■ Task requirements ■
What you return must match, exactly, the lines running from the one containing "van briggle pottery lamp" to the end of the data, both included, and must contain no pictures.

■ Recorded information ■
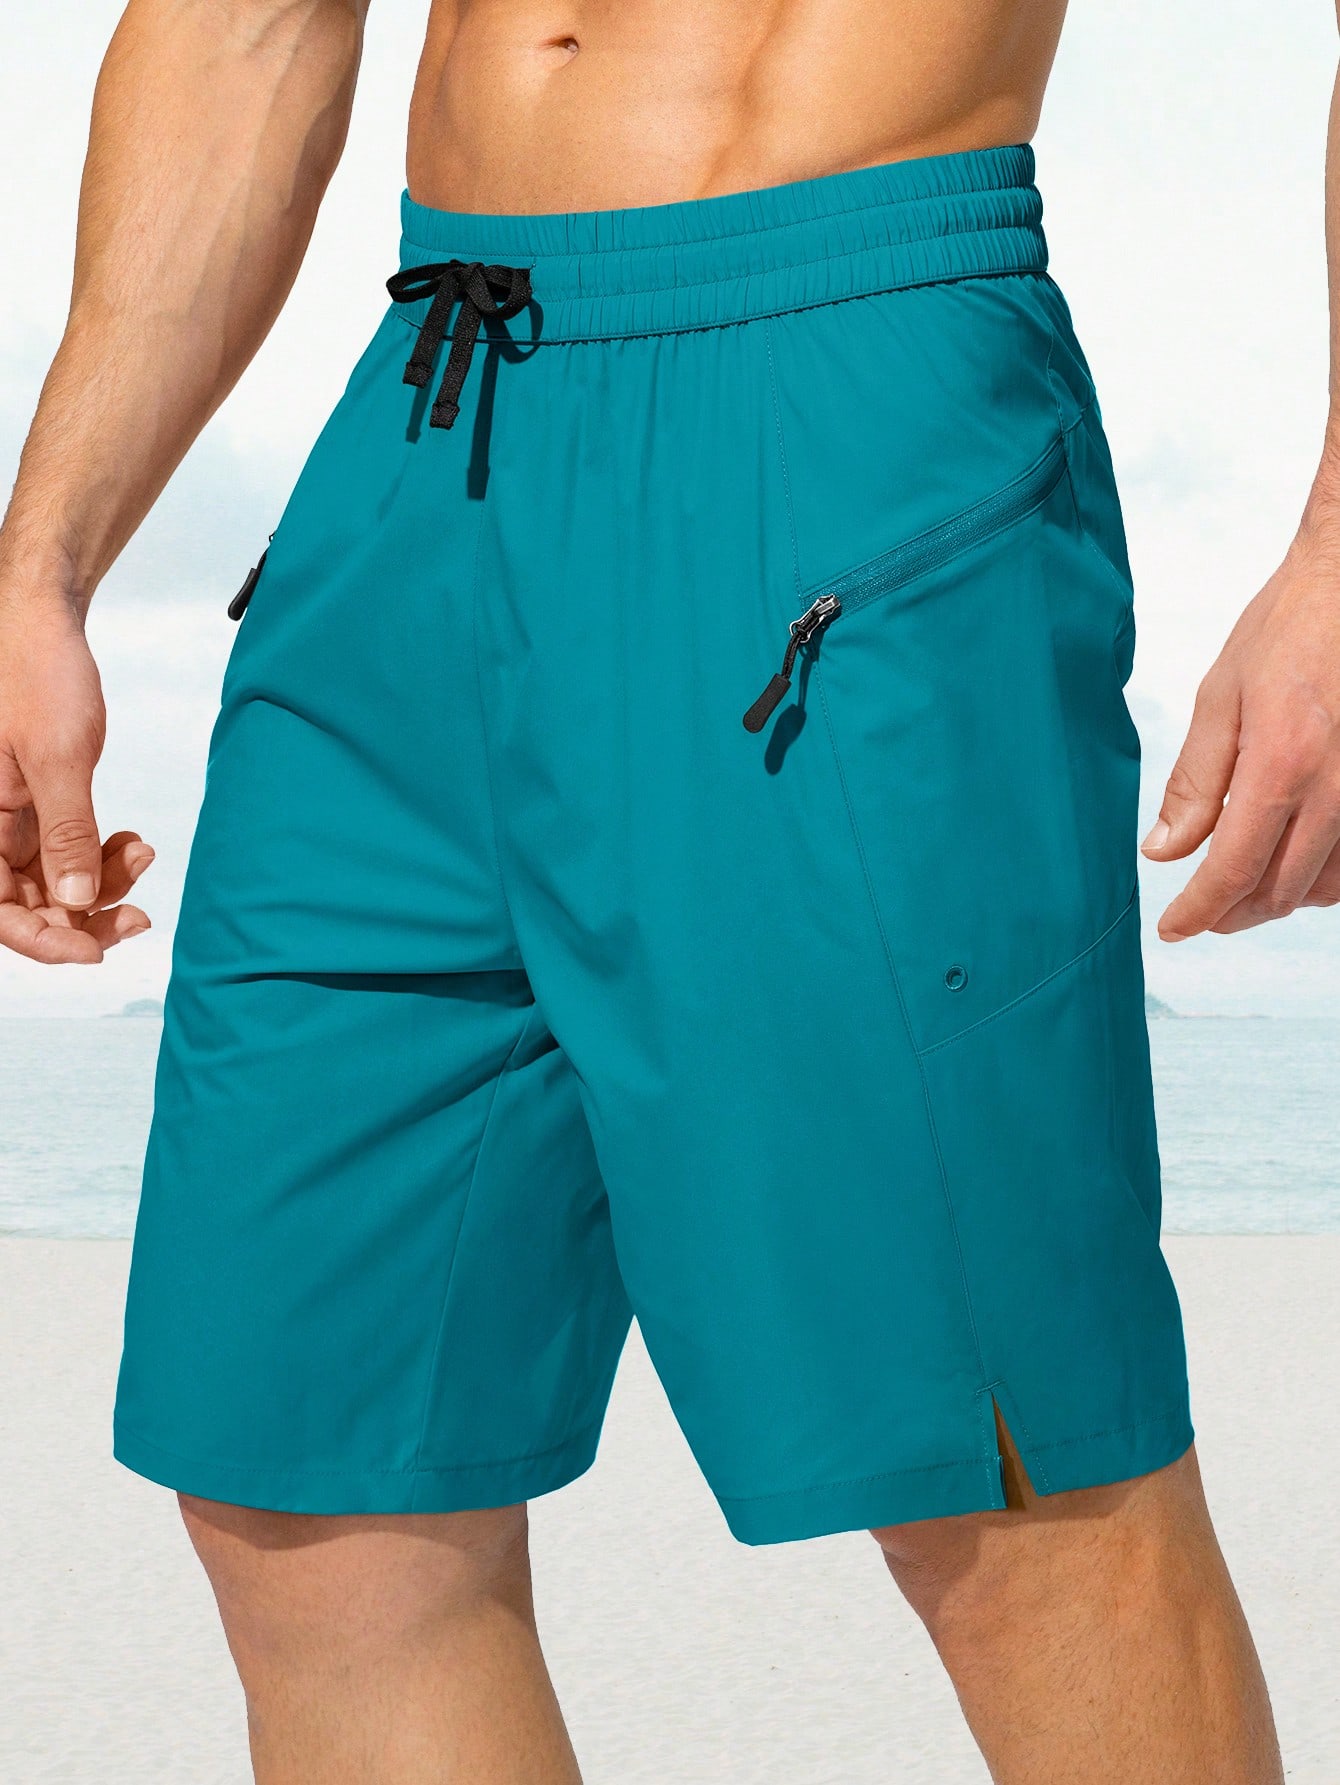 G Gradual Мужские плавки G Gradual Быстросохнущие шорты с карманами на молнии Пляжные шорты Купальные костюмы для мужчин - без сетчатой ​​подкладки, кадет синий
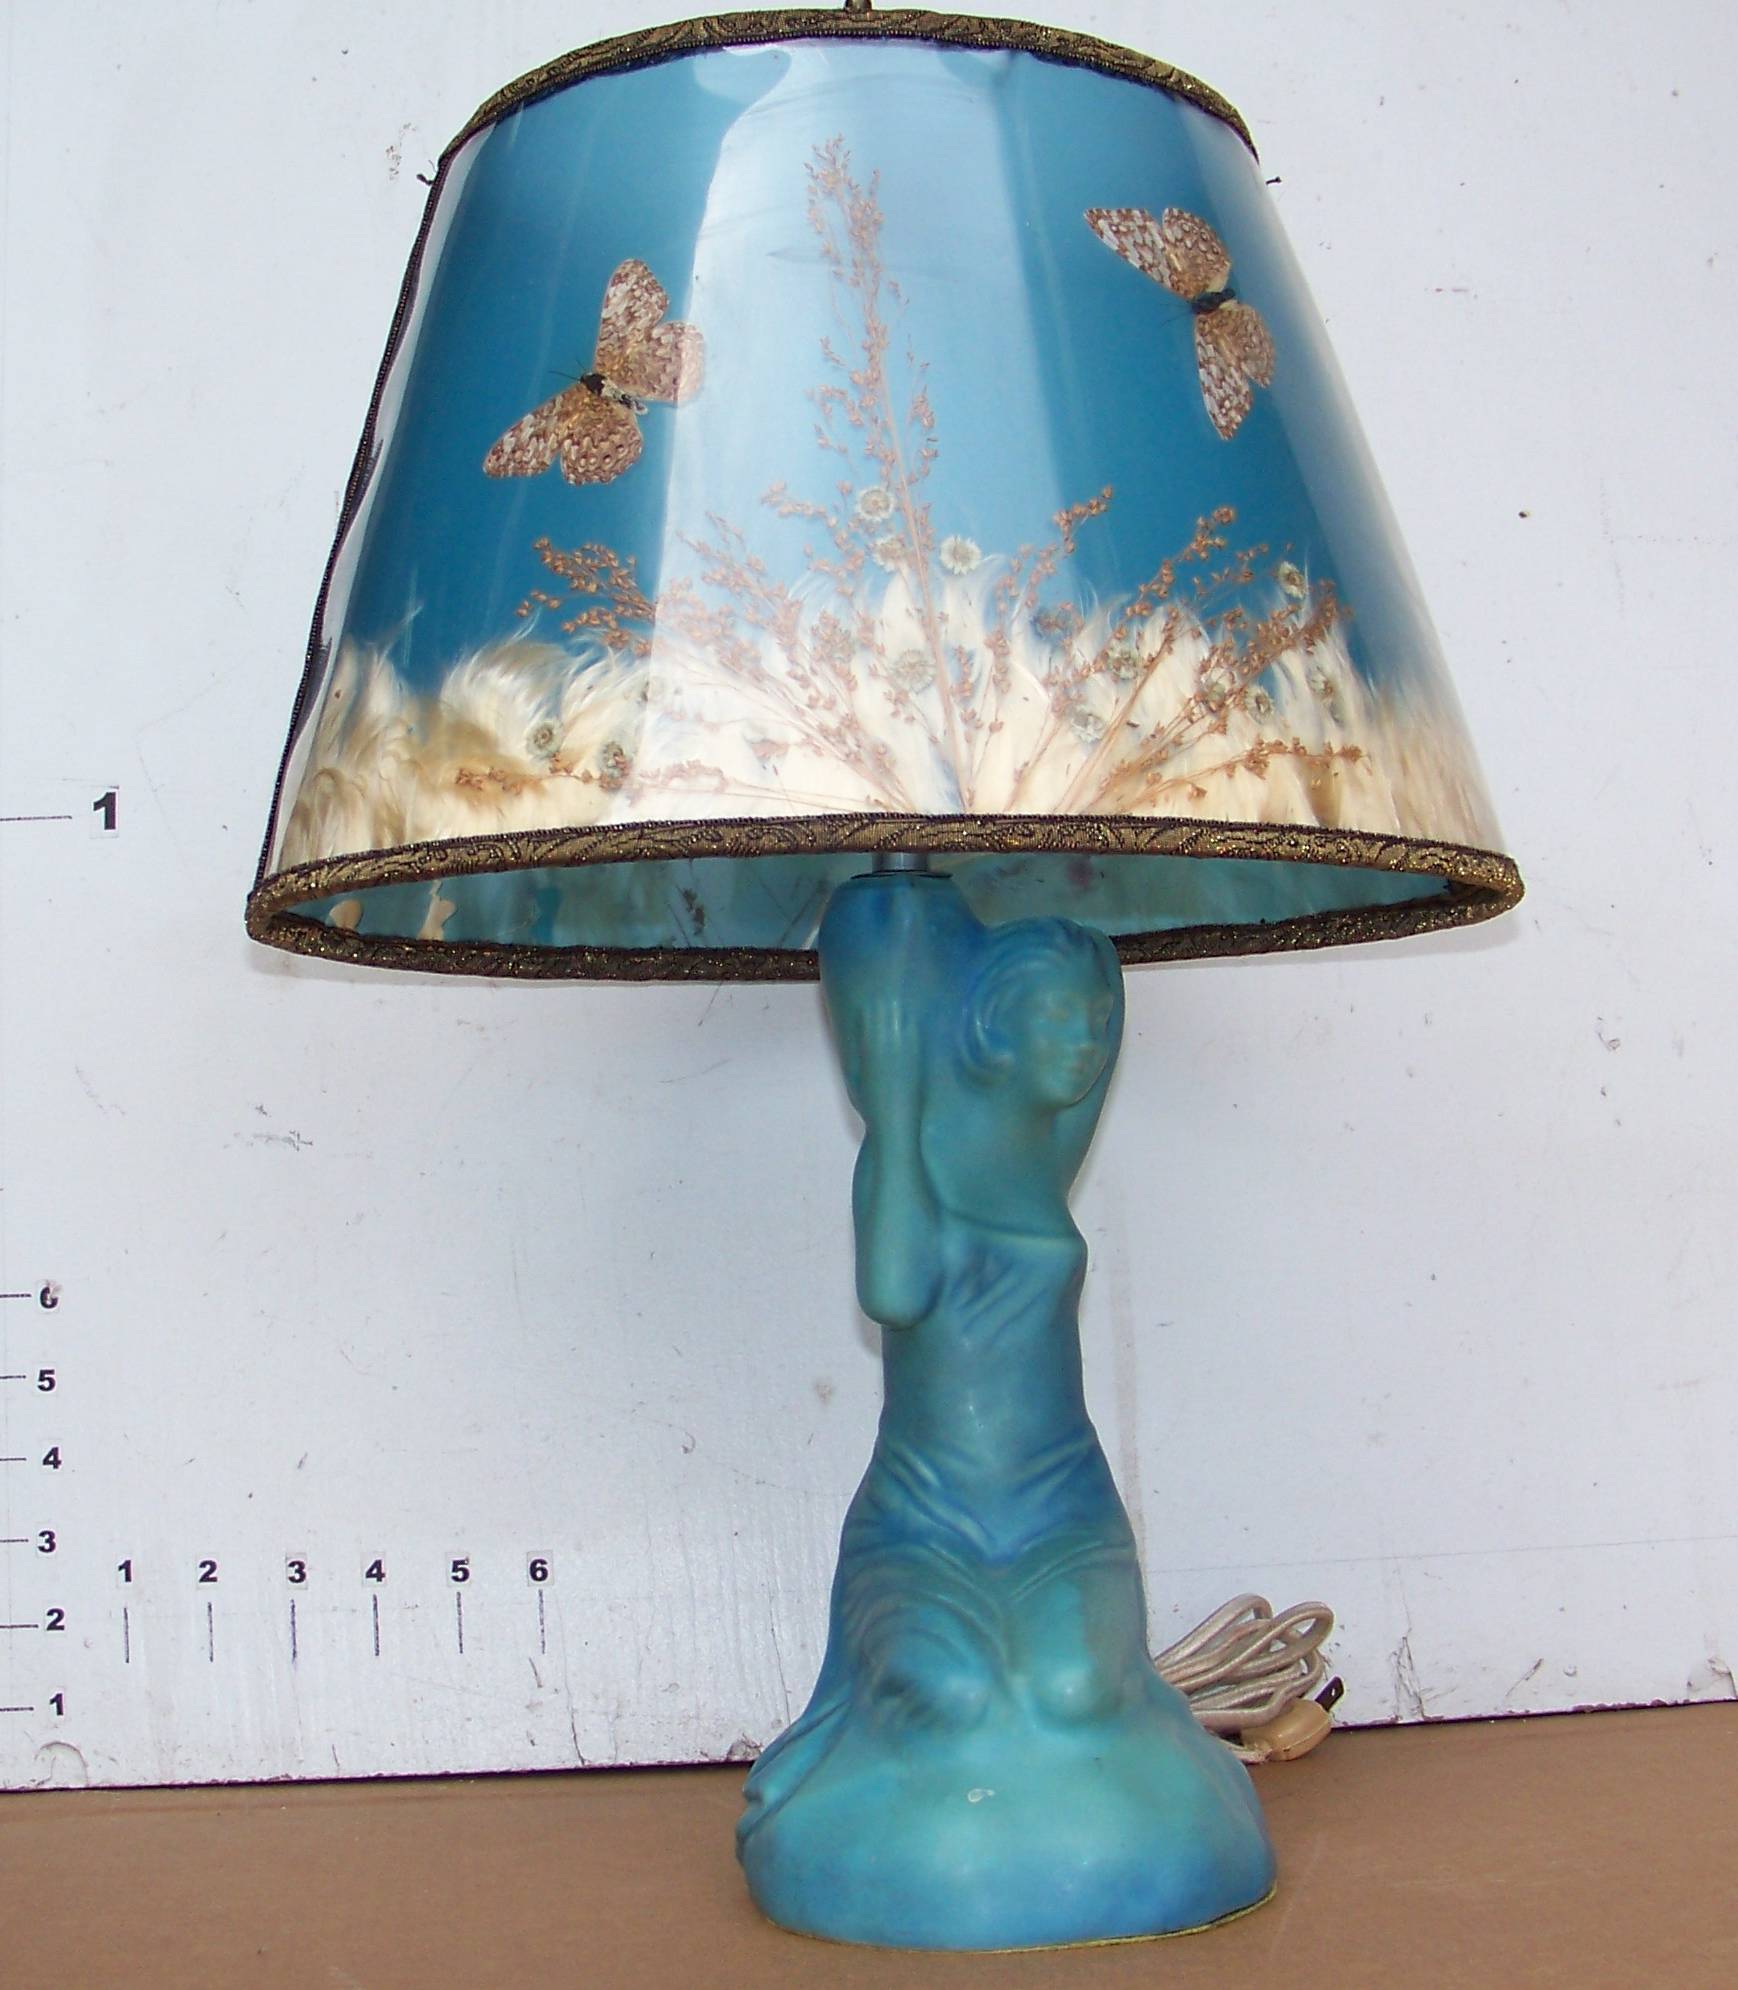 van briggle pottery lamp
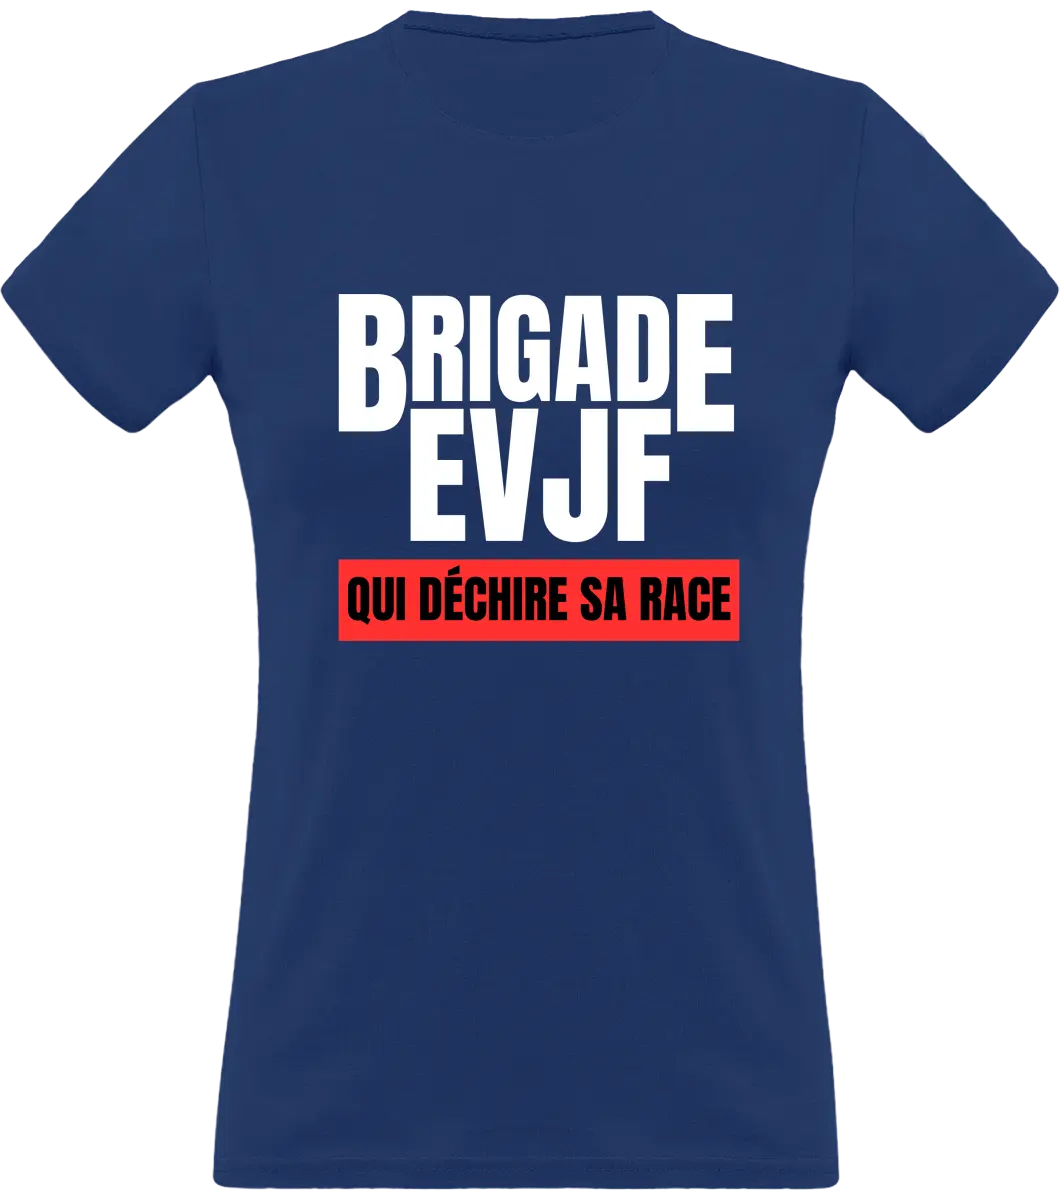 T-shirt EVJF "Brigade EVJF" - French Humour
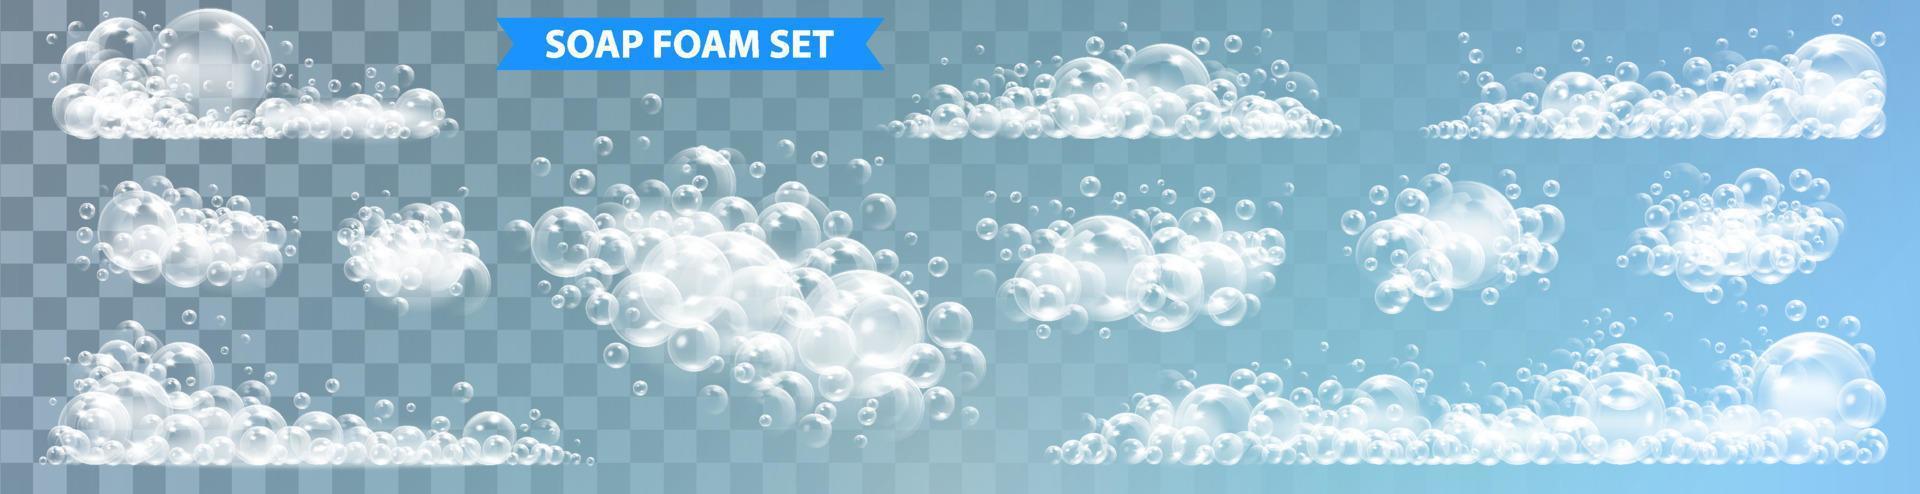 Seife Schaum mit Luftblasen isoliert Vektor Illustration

■ Answer space ■
 van briggle pottery lamp
 T-shirt EVJF "Brigade EVJF" - French Humour
 Seife Schaum mit Luftblasen isoliert Vektor Illustration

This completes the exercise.